1) Question: I want to integrate RapidMiner into my application! What do I have to do?
Answer: You need to either add the RapidMiner project as a library to your java project, or the RapidMiner library .jar files. RapidMiner sourcecode can be accessed via Git here.



2) Question: What else do I need to keep in mind when using RapidMiner Studio in my own application? Licensing?
Answer: The core of RapidMiner Studio is licensed under the AGPL 3. This means that your application must be licensed under the AGPL 3 as well!
If that is not possible/desirable or you need stuff from outside the free core, you need to purchase an OEM license.
Please contact us here for details.



3) Question: Is there any documentation available which may help me?
Answer: Yes, have a look here and here.

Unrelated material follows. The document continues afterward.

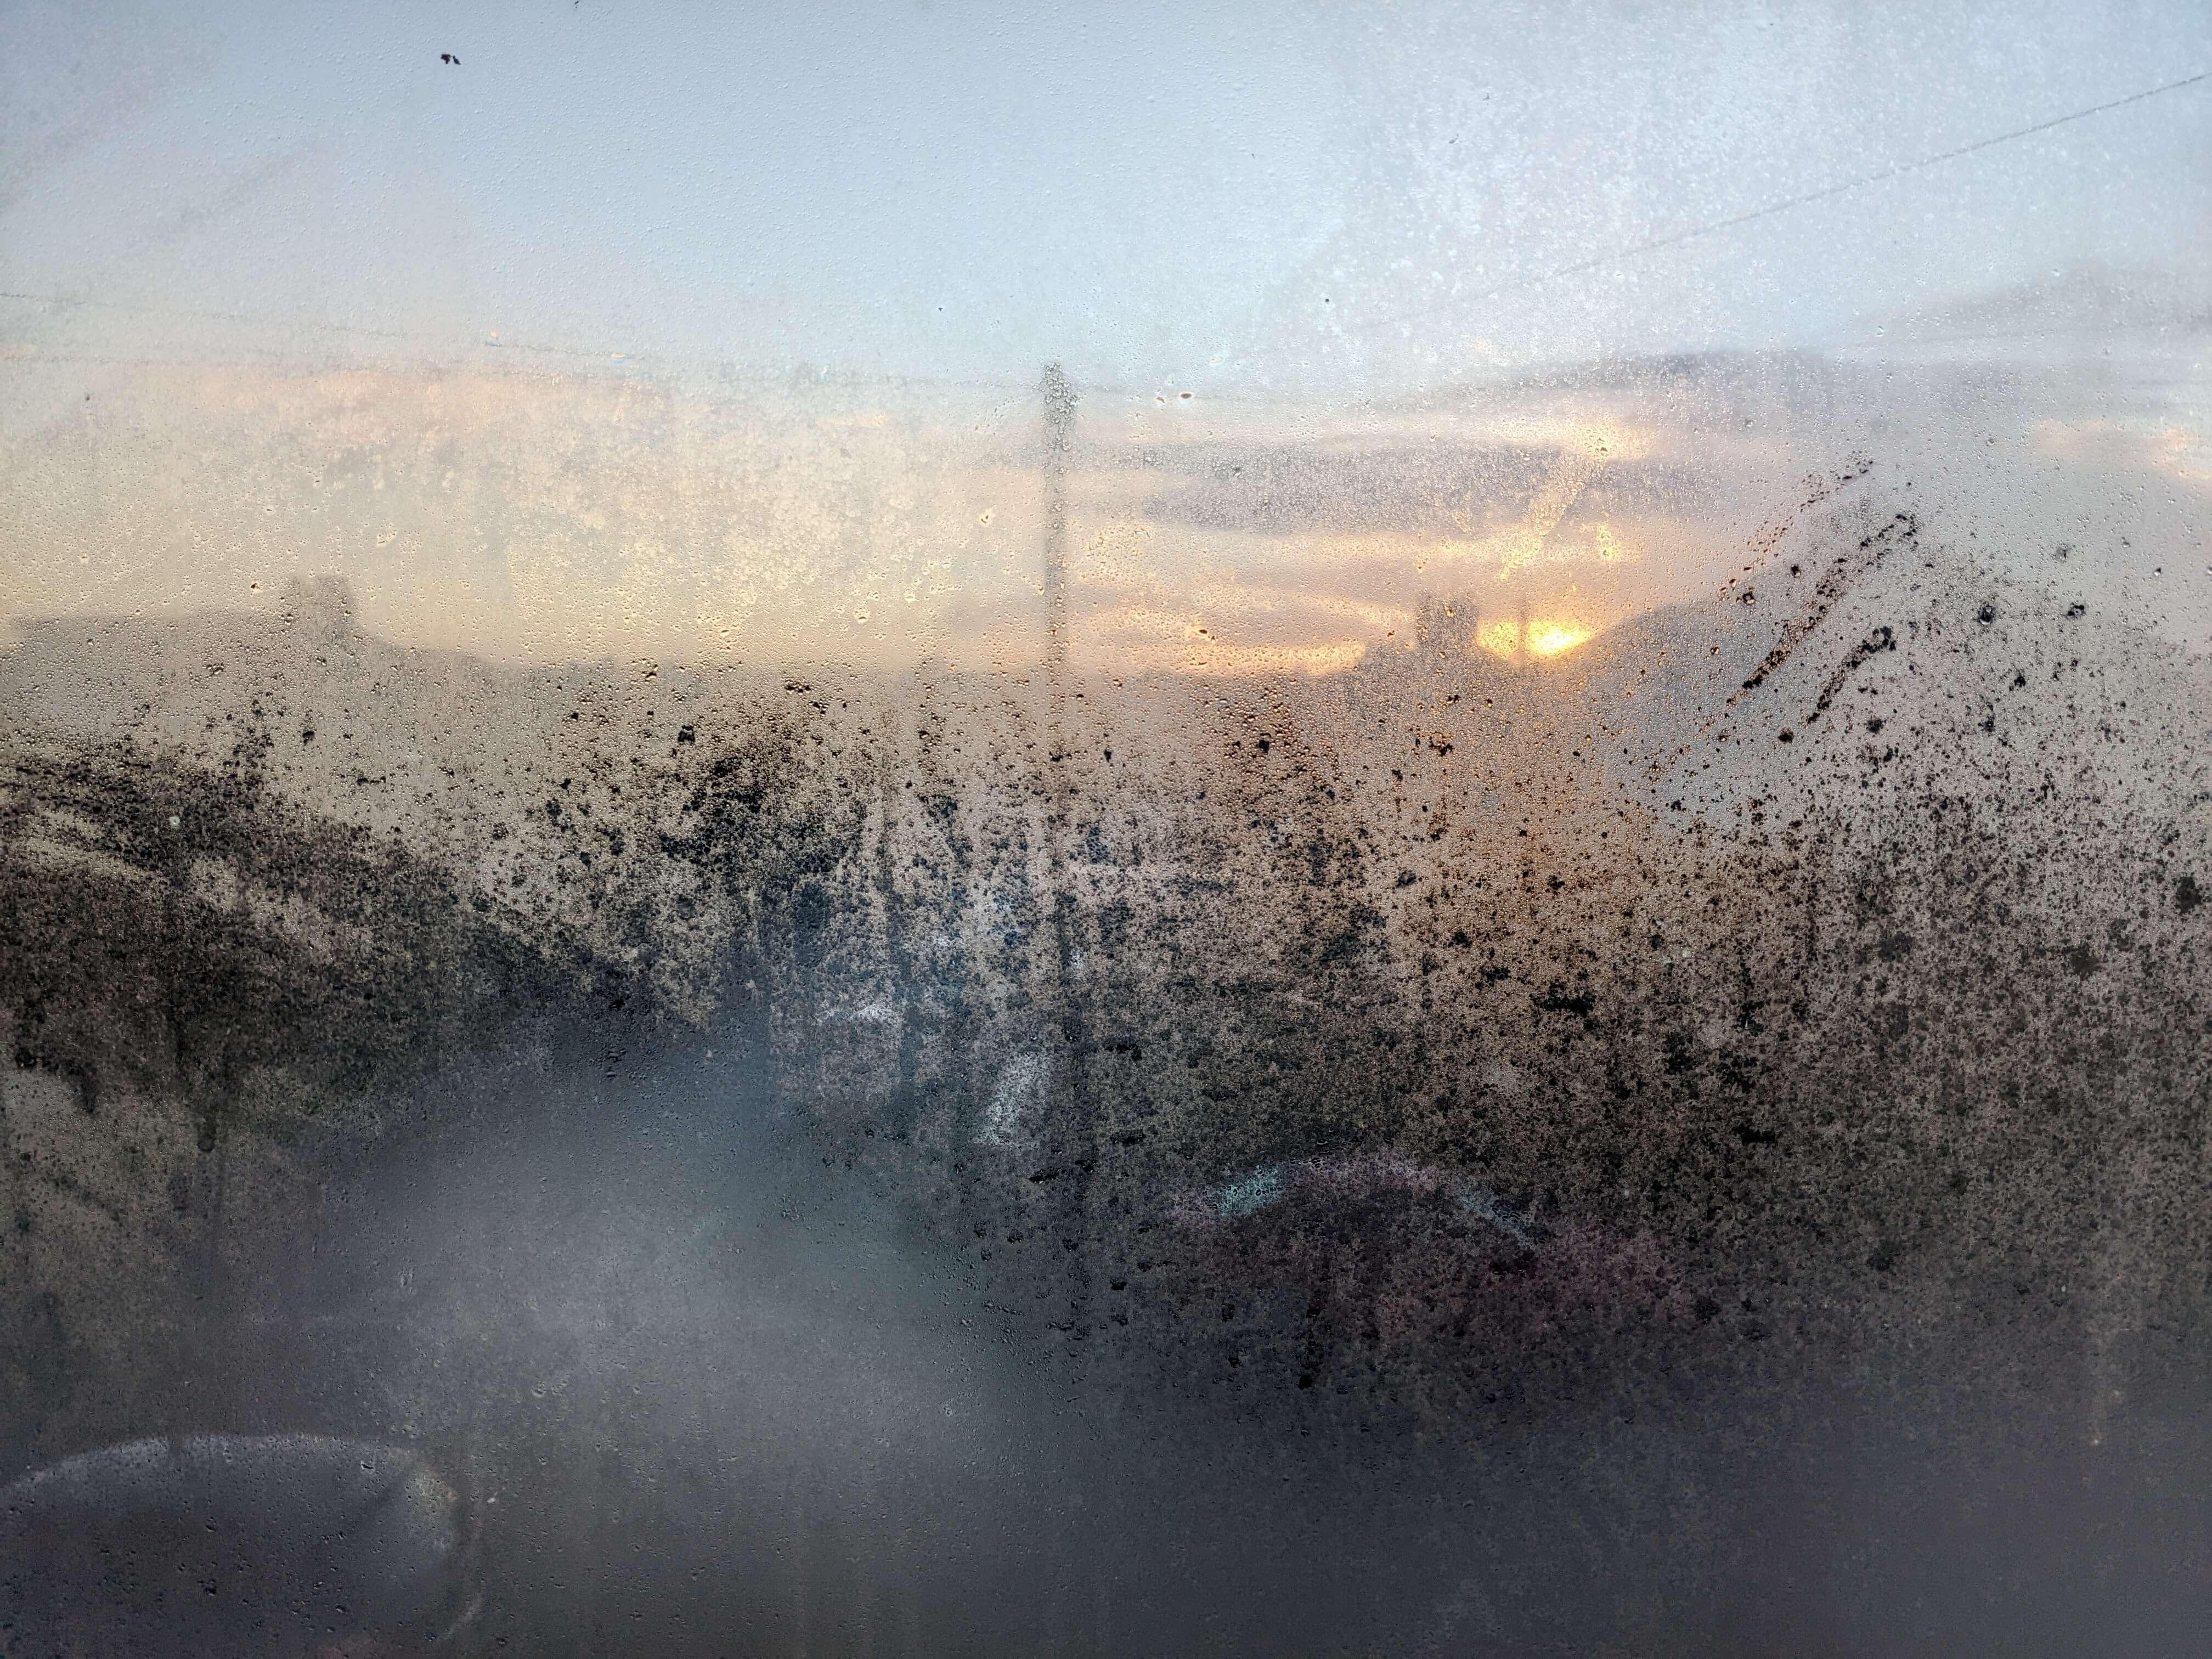 How To Stop Condensation On Windows

A lot of information can be found there, especially in the "How to extend RapidMiner" whitepaper. Of course, searching the community portal may also help you solve your problem as you may not be the first person with a specific problem.



4) Question: Everytime I try to use RM Studio there is an exception like XMLException: Unknown operator class: 'process'! What is wrong?
Answer: You probably forgot to initialize RapidMiner via


RapidMiner.setExecutionMode(ExecutionMode.COMMAND_LINE);
RapidMiner.init();

Without initializing RapidMiner, it won't work.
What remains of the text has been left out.